A subtitle generator for Japanese Adult Videos.

What is the idea:

Transformer-based ASR architectures like Whisper suffer significant performance degradation when applied to the spontaneous and noisy domain of JAV. This degradation is driven by specific acoustic and temporal characteristics that defy the statistical distributions of standard training data.

1. The Acoustic Profile

JAV audio is defined by "acoustic hell" and a low Signal-to-Noise Ratio (SNR), characterized by:

Non-Verbal Vocalisations (NVVs): A high density of physiological sounds (heavy breathing, gasps, sighs) and "obscene sounds" that lack clear harmonic structure.
Spectral Mimicry: These vocalizations often possess "curve-like spectrum features" that mimic the formants of fricative consonants or Japanese syllables (e.g., fu), acting as accidental adversarial examples that trick the model into recognizing words where none exist.
Extreme Dynamics: Volatile shifts in audio intensity, ranging from faint whispers (sasayaki) to high-decibel screams, which confuse standard gain control and attention mechanisms.
Linguistic Variance: The prevalence of theatrical onomatopoeia and Role Language (Yakuwarigo) containing exaggerated intonations and slang absent from standard corpora.

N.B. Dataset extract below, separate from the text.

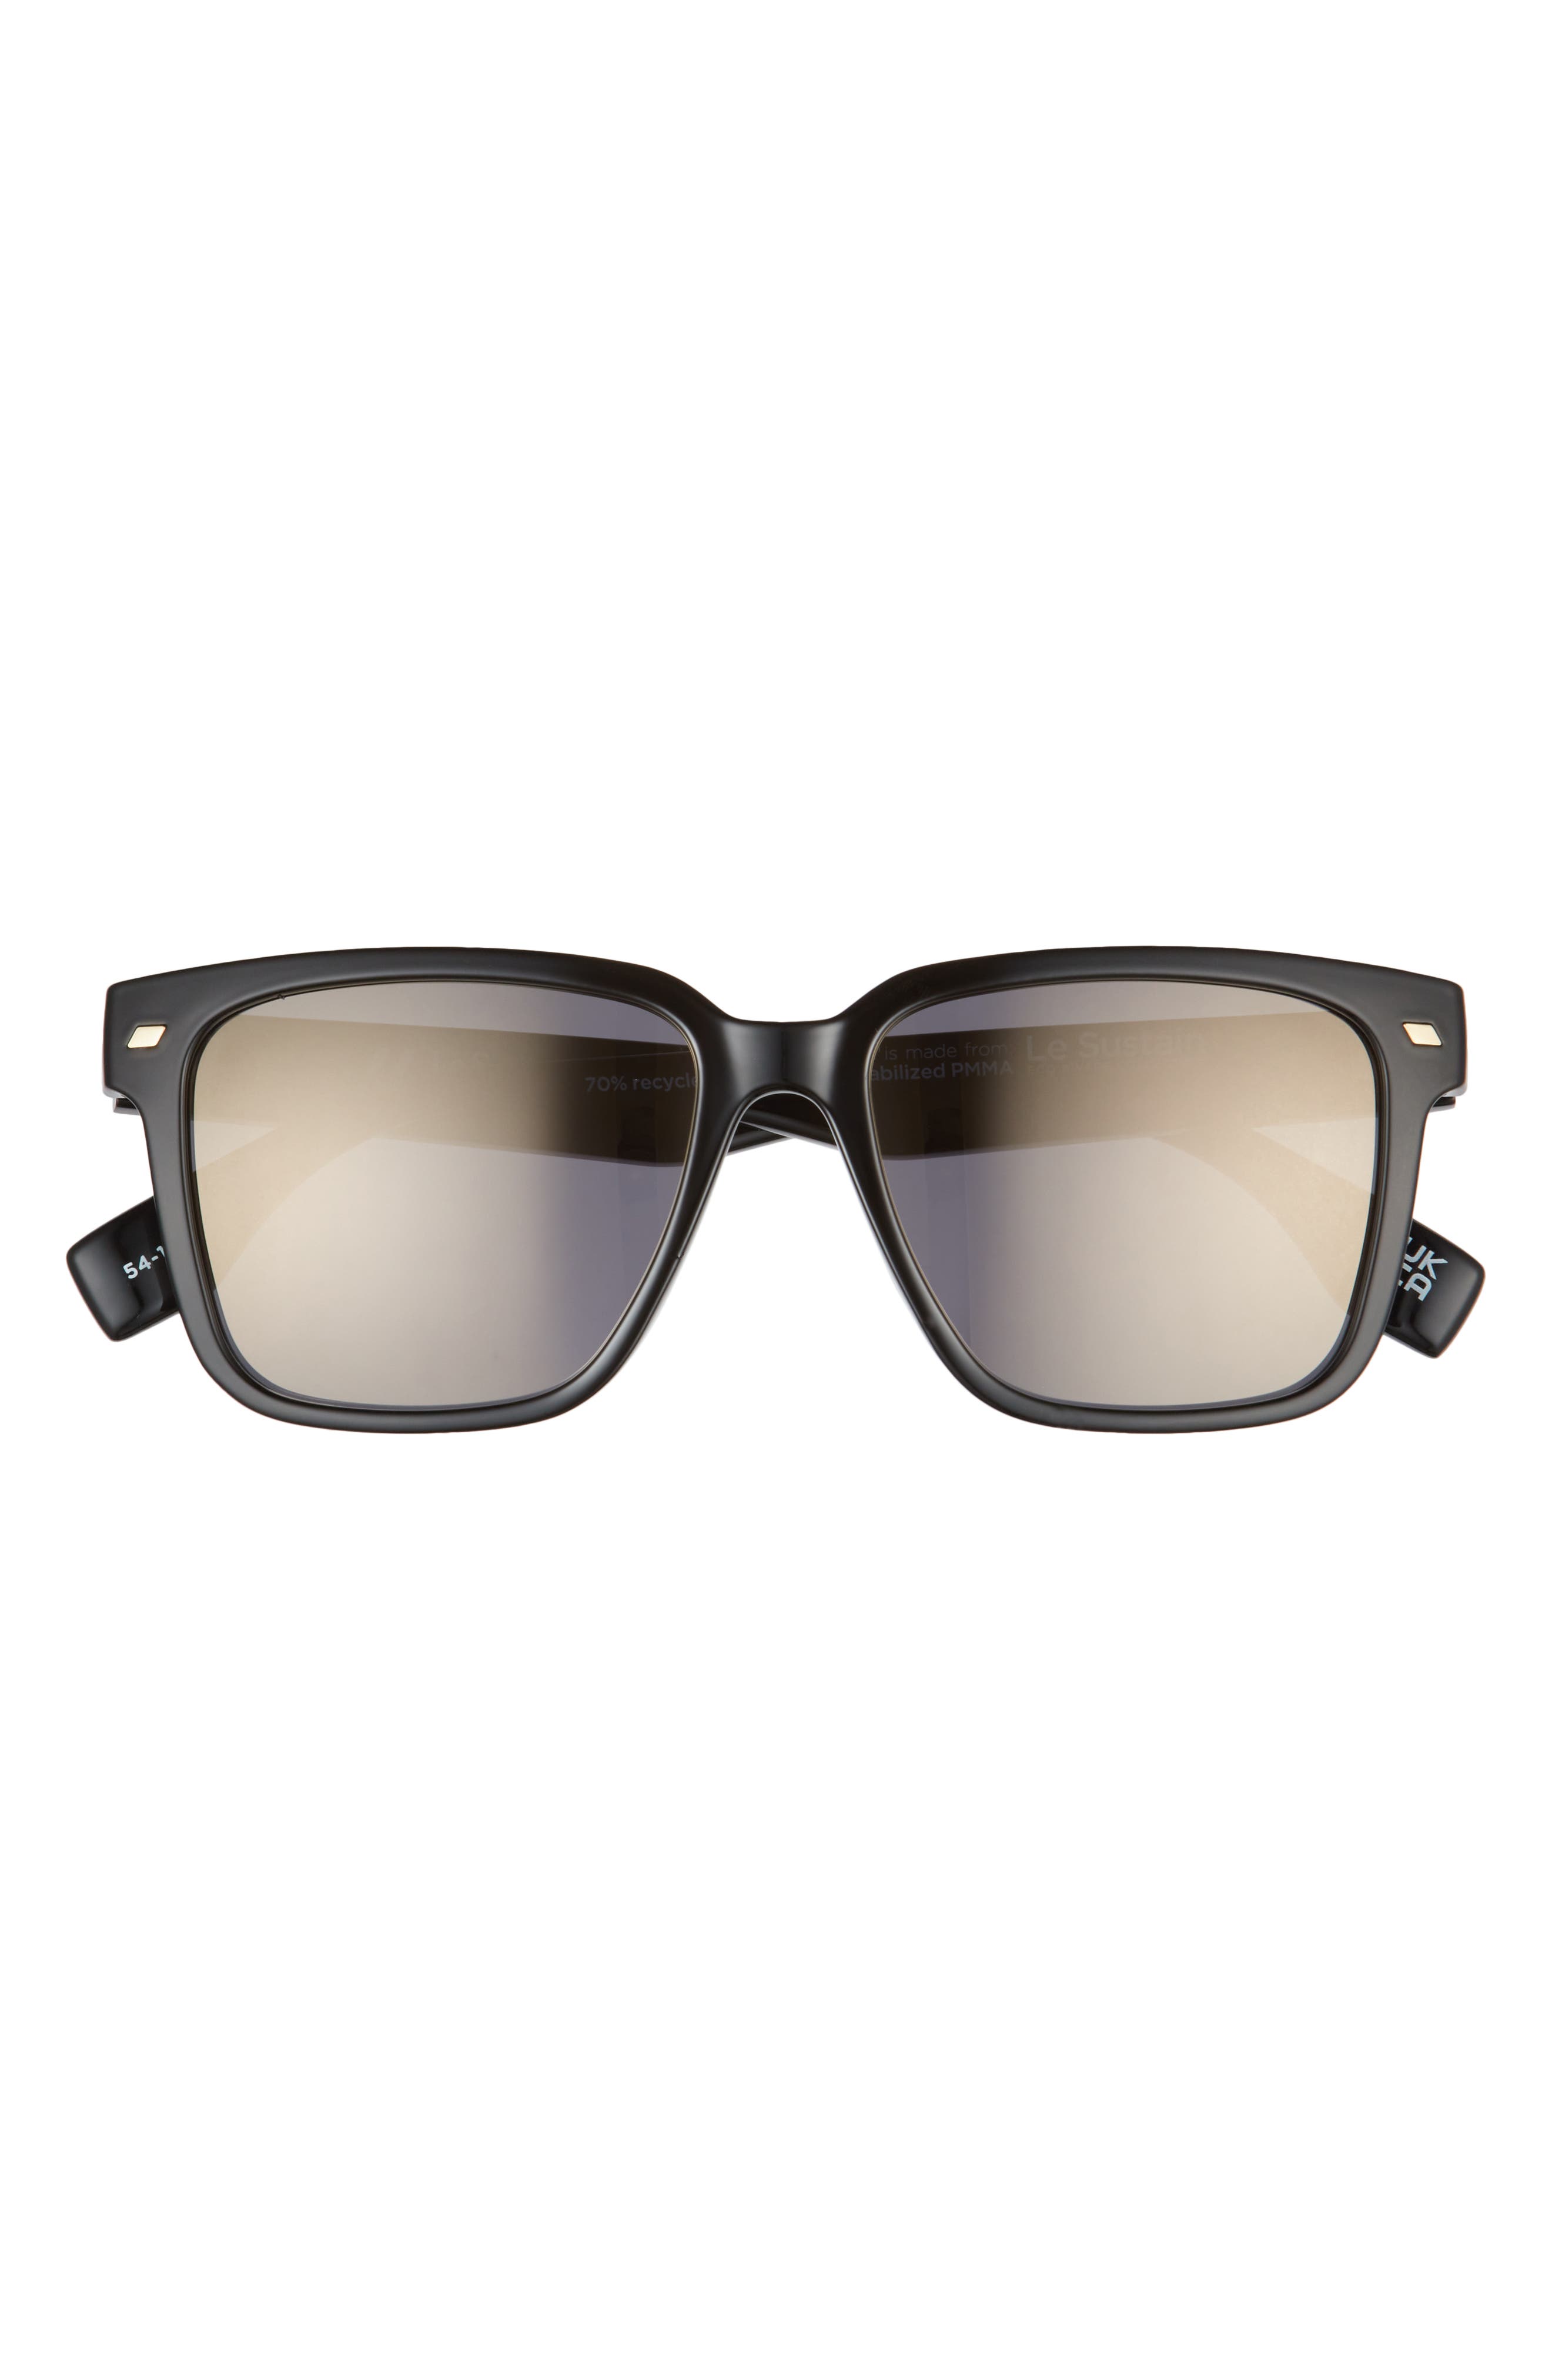 Le Specs Mr. Bomplastic 54mm Square Sunglasses in Black /Smoke Mono Gold Flash at Nordstrom
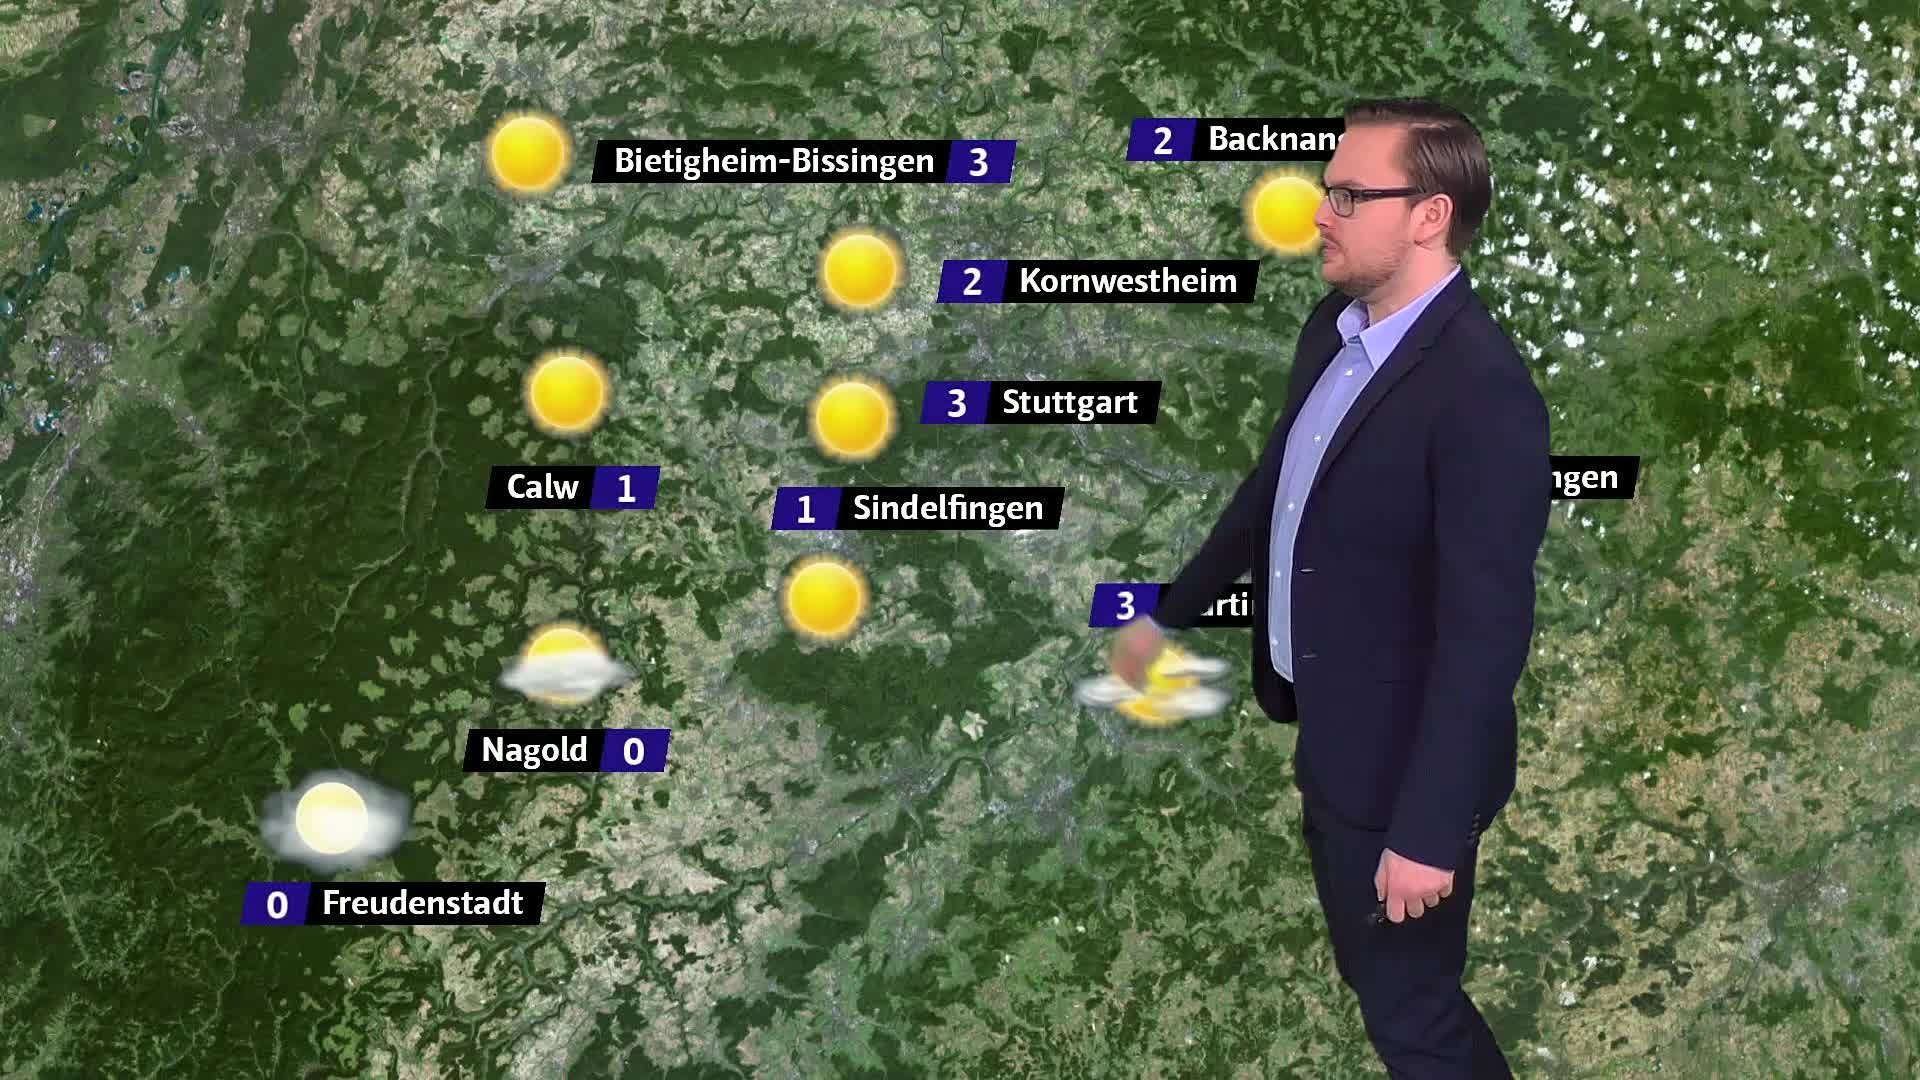 Bietigheim-Bissingen: Stadt will Blitzer so schnell wie möglich ersetzen -  Bietigheim-Bissingen - Bietigheimer Zeitung

2. Temporal Drift and Hallucination

While standard ASR models are typically trained on short, curated clips, JAV content comprises long-form media often exceeding 120 minutes. Research indicates that processing such extended inputs causes contextual drift and error accumulation. Specifically, extended periods of "ambiguous audio" (silence or rhythmic breathing) cause the Transformer's attention mechanism to collapse, triggering repetitive hallucination loops where the model generates unrelated text to fill the acoustic void.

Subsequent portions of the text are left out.